PROBLEM TO SOLVE. Only the lines below from the one with "Pumpkin Craft Ideas Preschoolers" through the one with "Eestis laialt levinud" are to be written out, exactly and without any images.

SOURCE MATERIAL.
****
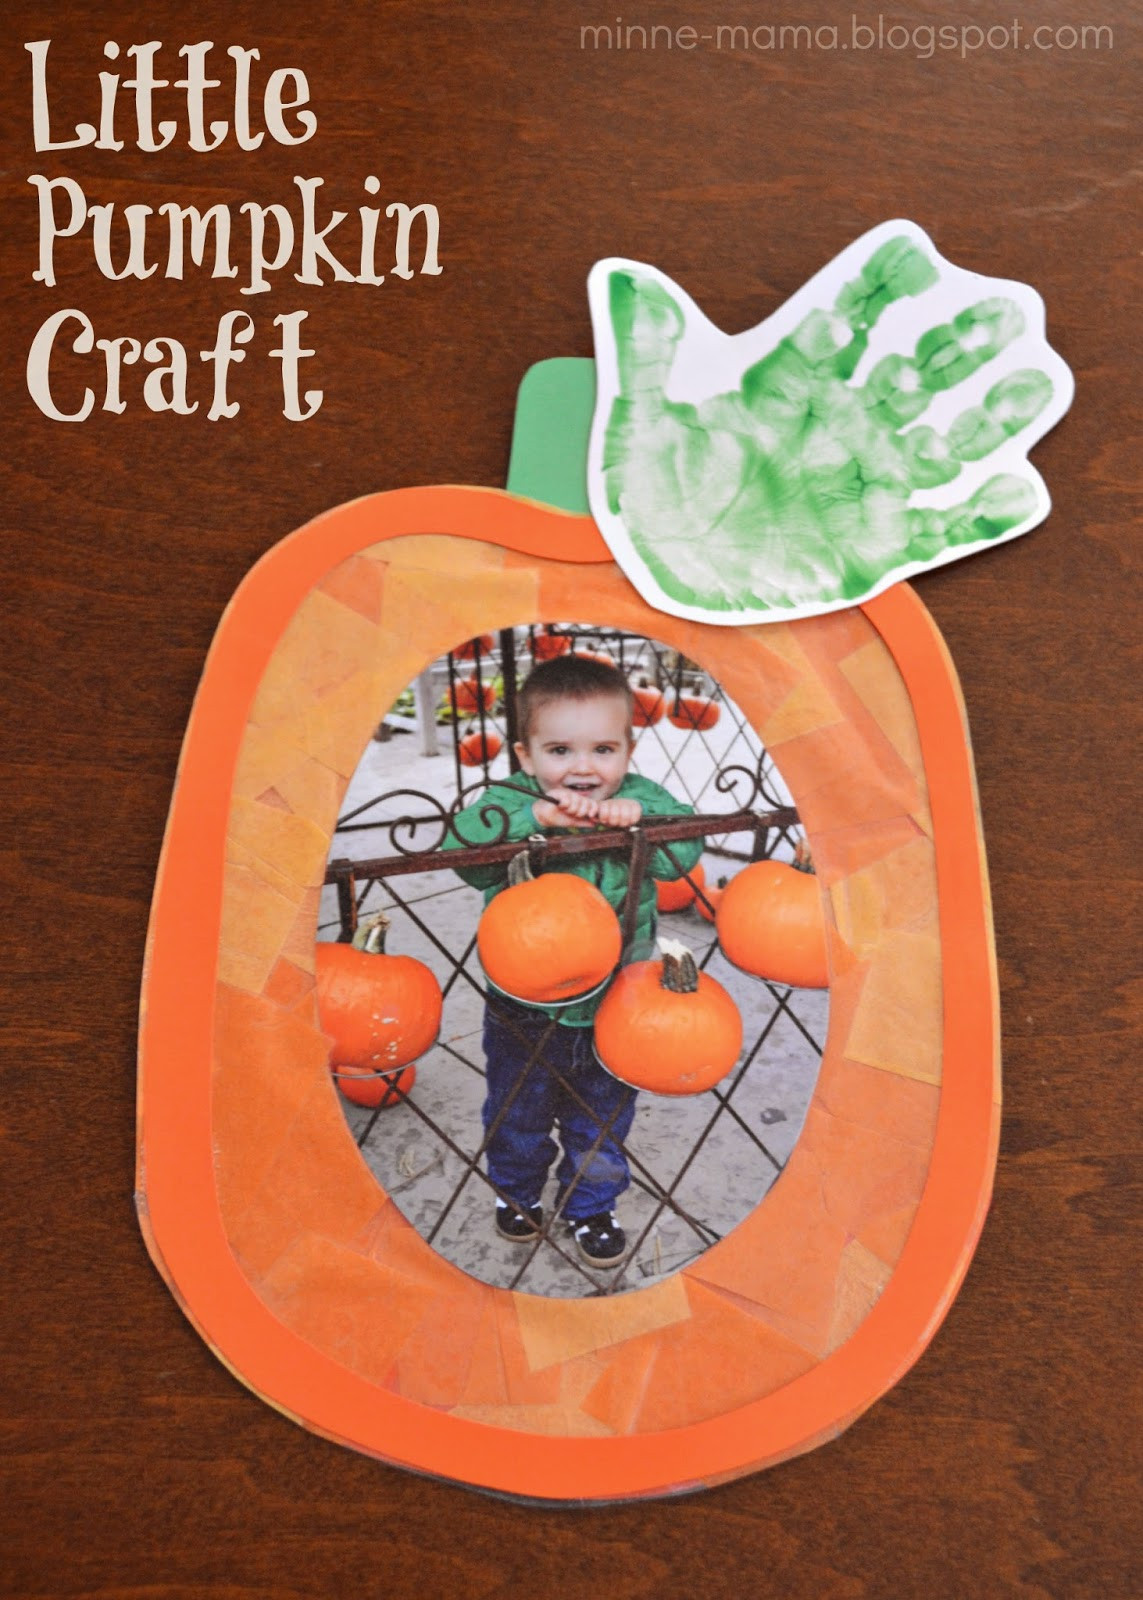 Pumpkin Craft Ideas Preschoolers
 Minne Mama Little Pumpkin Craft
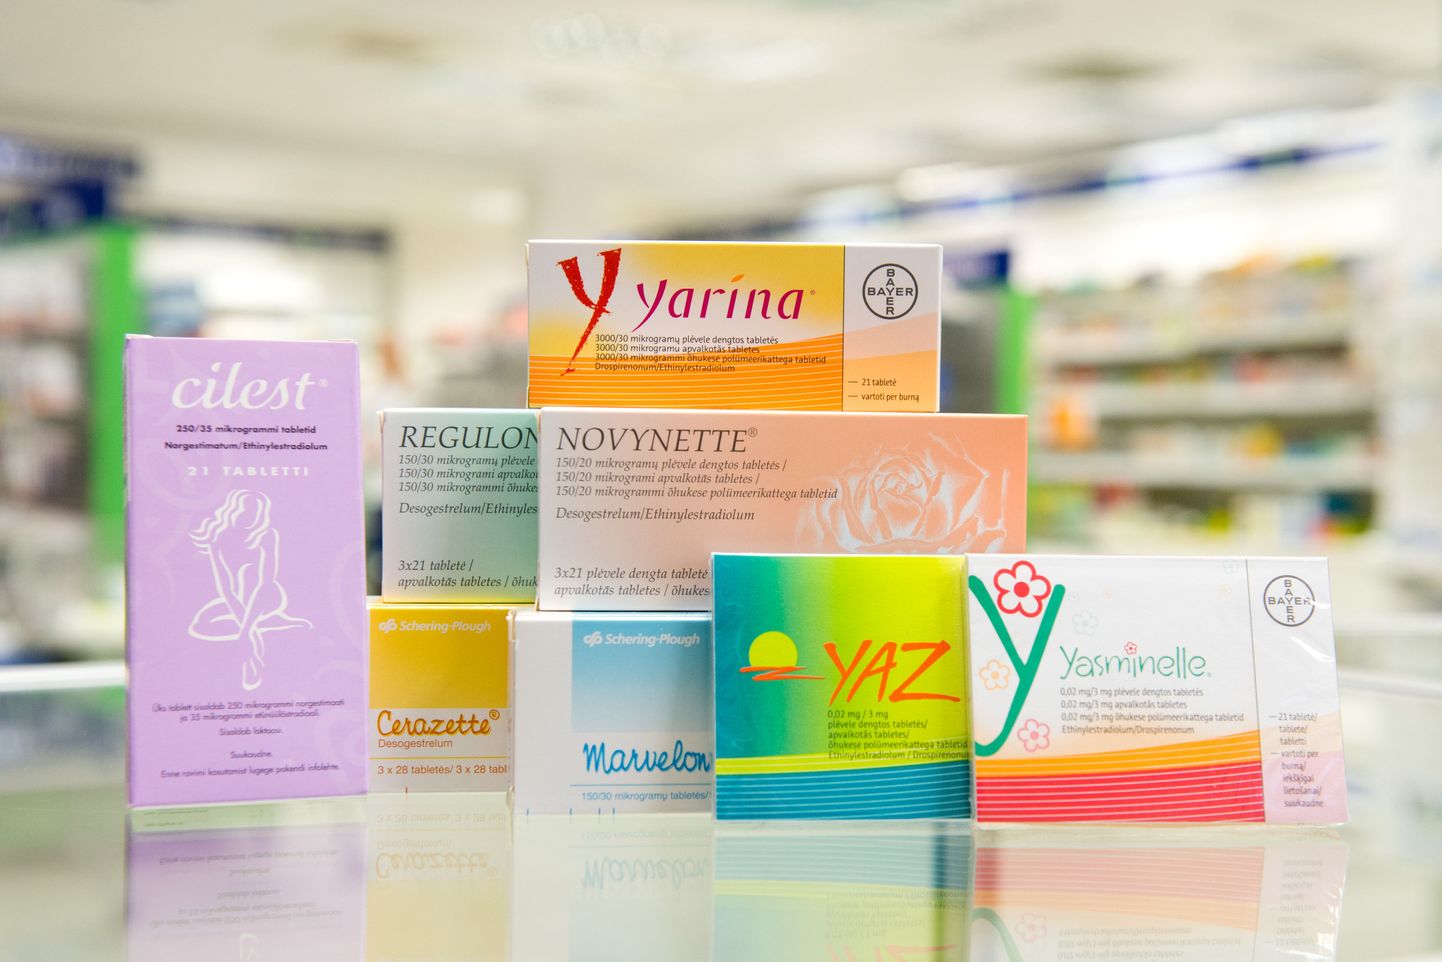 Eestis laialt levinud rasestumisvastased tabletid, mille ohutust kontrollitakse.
****
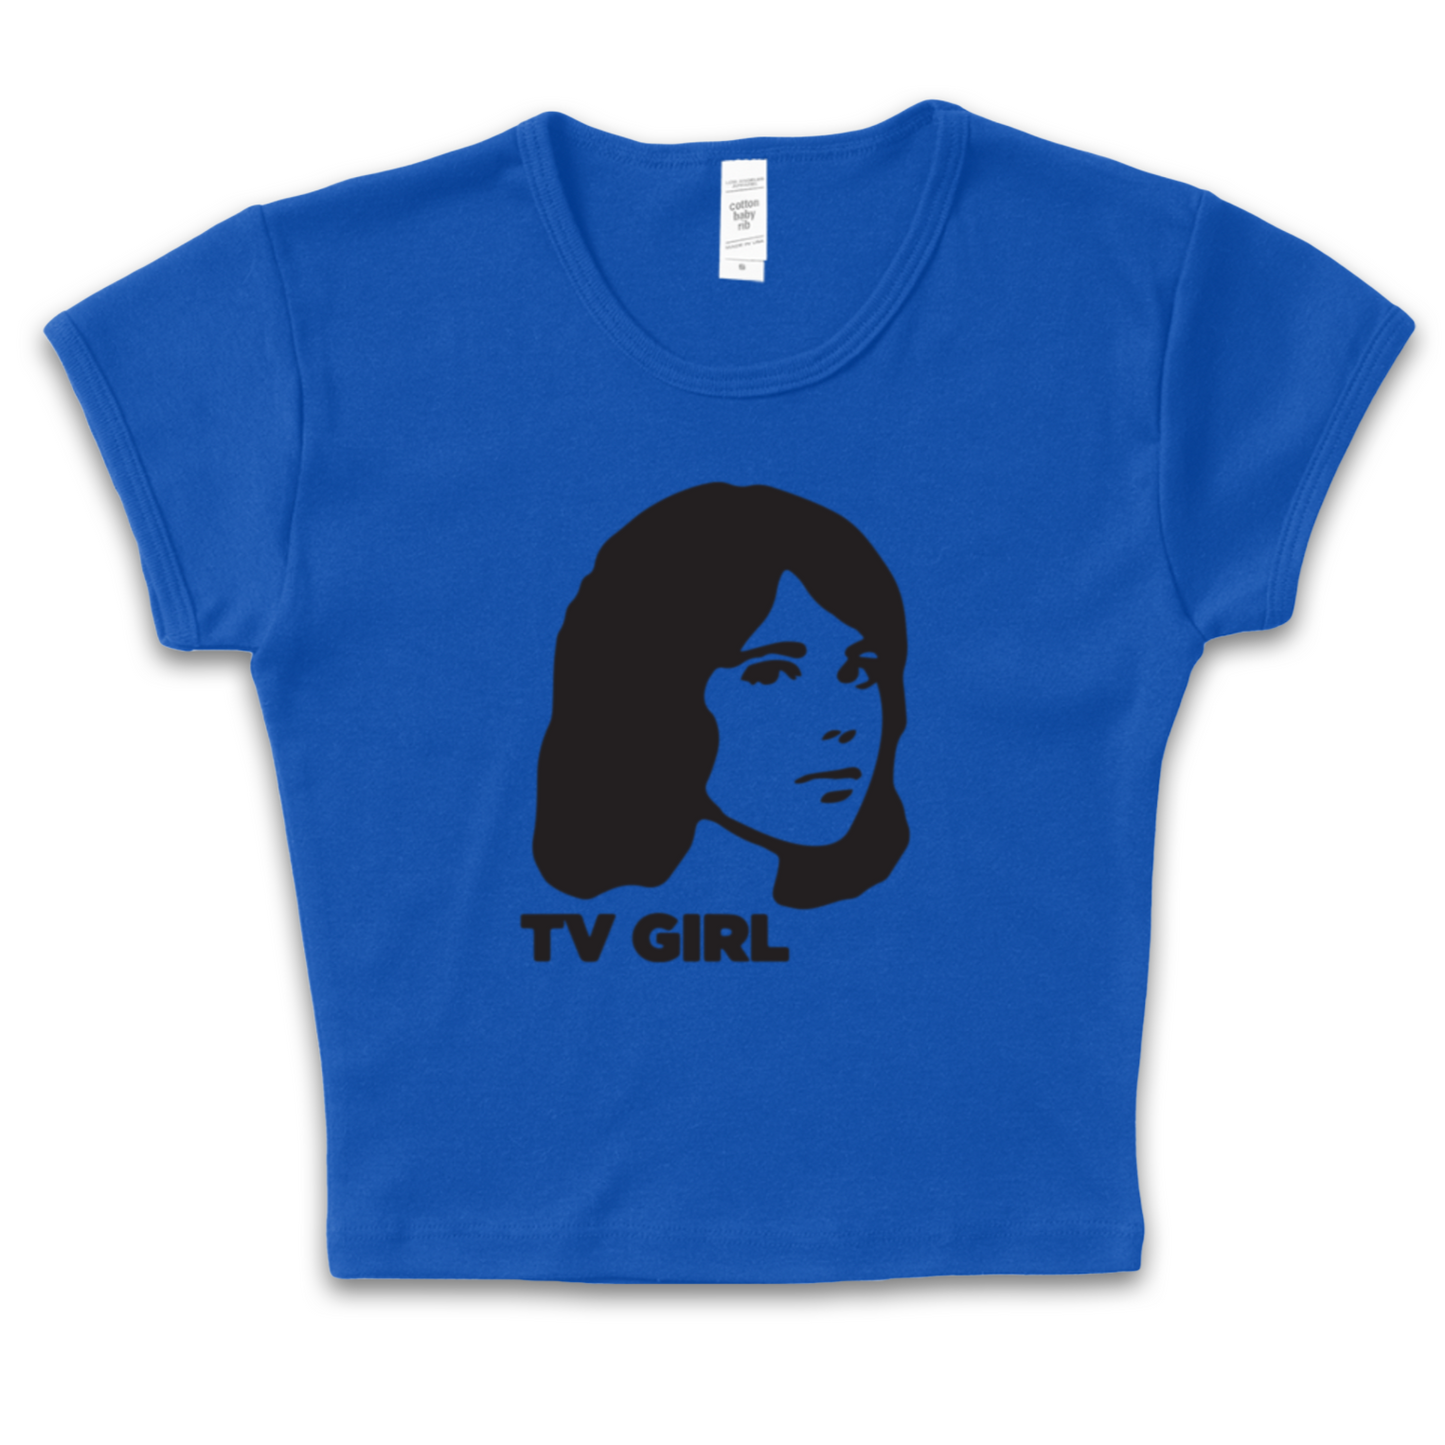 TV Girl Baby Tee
****
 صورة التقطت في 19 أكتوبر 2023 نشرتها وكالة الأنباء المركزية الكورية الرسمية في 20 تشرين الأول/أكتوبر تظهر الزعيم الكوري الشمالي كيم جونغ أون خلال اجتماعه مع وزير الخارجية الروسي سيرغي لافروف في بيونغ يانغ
****
RESPONSE.
 Pumpkin Craft Ideas Preschoolers
 Minne Mama Little Pumpkin Craft
 Eestis laialt levinud rasestumisvastased tabletid, mille ohutust kontrollitakse.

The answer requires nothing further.